Daily Mirror

The rain dance worked but now I’m losing the plot

- PAUL ROUTLEDGE KEEP CALM.. WE CAN BEAT THIS

WELL, I asked for it, so I suppose I shouldn’t grumble. That doesn’t mean to say I won’t` because this job is a licence to grouch or it is nothing.

Anyway, my rain-dance rant last week was swiftly followed by the mother and father of storms across the county.

And it’s still raining. At this rate, the Aire Valley floods will be back.

As I begged, it chucked it down for hours – excellent news for the allotment, where the soil had been hardened almost into stone. That’s what I thought until the weather abated sufficient­ly for an inspection of the plot.

The peas were in the good, but some of the cabbage plants looked like they had done three rounds with Muhammad Ali.

Then it froze overnight, yet again, after the frostiest April since records began.

No blossom yet on my tiny apple tree, or it would have gone the same way as the plums. The broad beans can take it, and the garlic – as a lad I didn’t even know what it was – and the Brussels sprouts.

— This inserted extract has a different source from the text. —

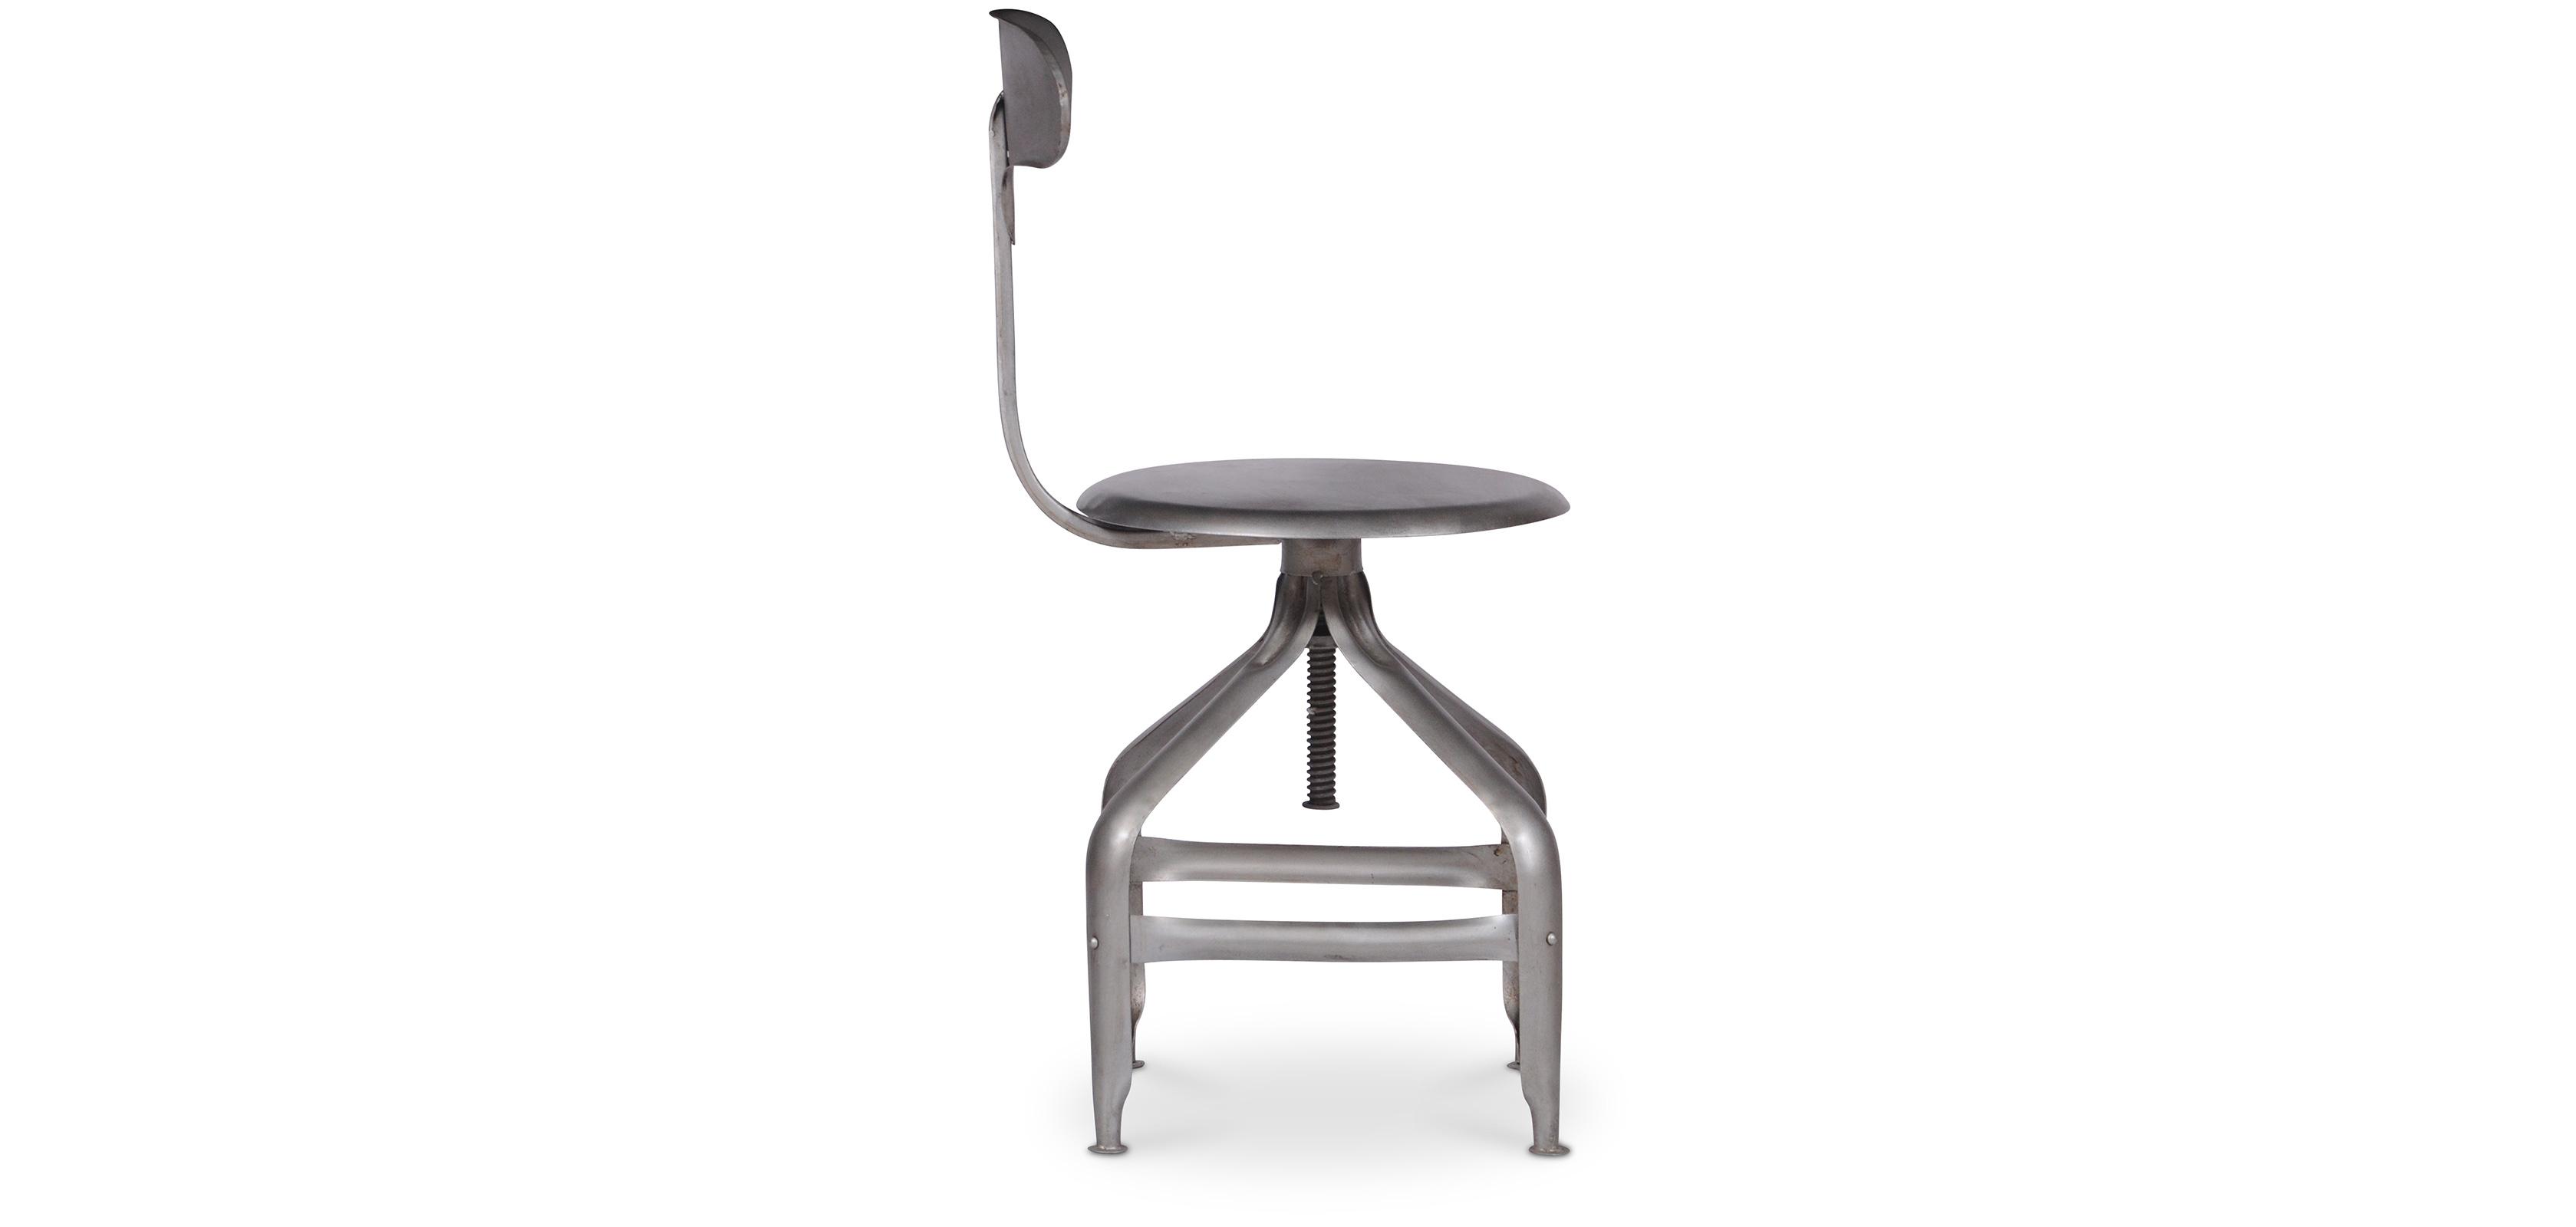 Industrial design stuhl metall for Design stuhl metall

Onions looked a bit unhappy, so I gave them some Prince Charles words of encouragem­ent. One water butt is overflowin­g, the other is filling up.

Mother Nature can be so confusing.

Yesterday, the mercury rose to the mid-teens, confirming the old Tyke saw (which I just made up): “Don’t know about this climate business, but we get a lot of weather up ’ere.”

It’s only when you become an allotmente­er that you realise how precious water is. Far too precious to be left to the foreigners, private equity merchants and venture capitalist­s who now control the industry. At least they don’t control the weather.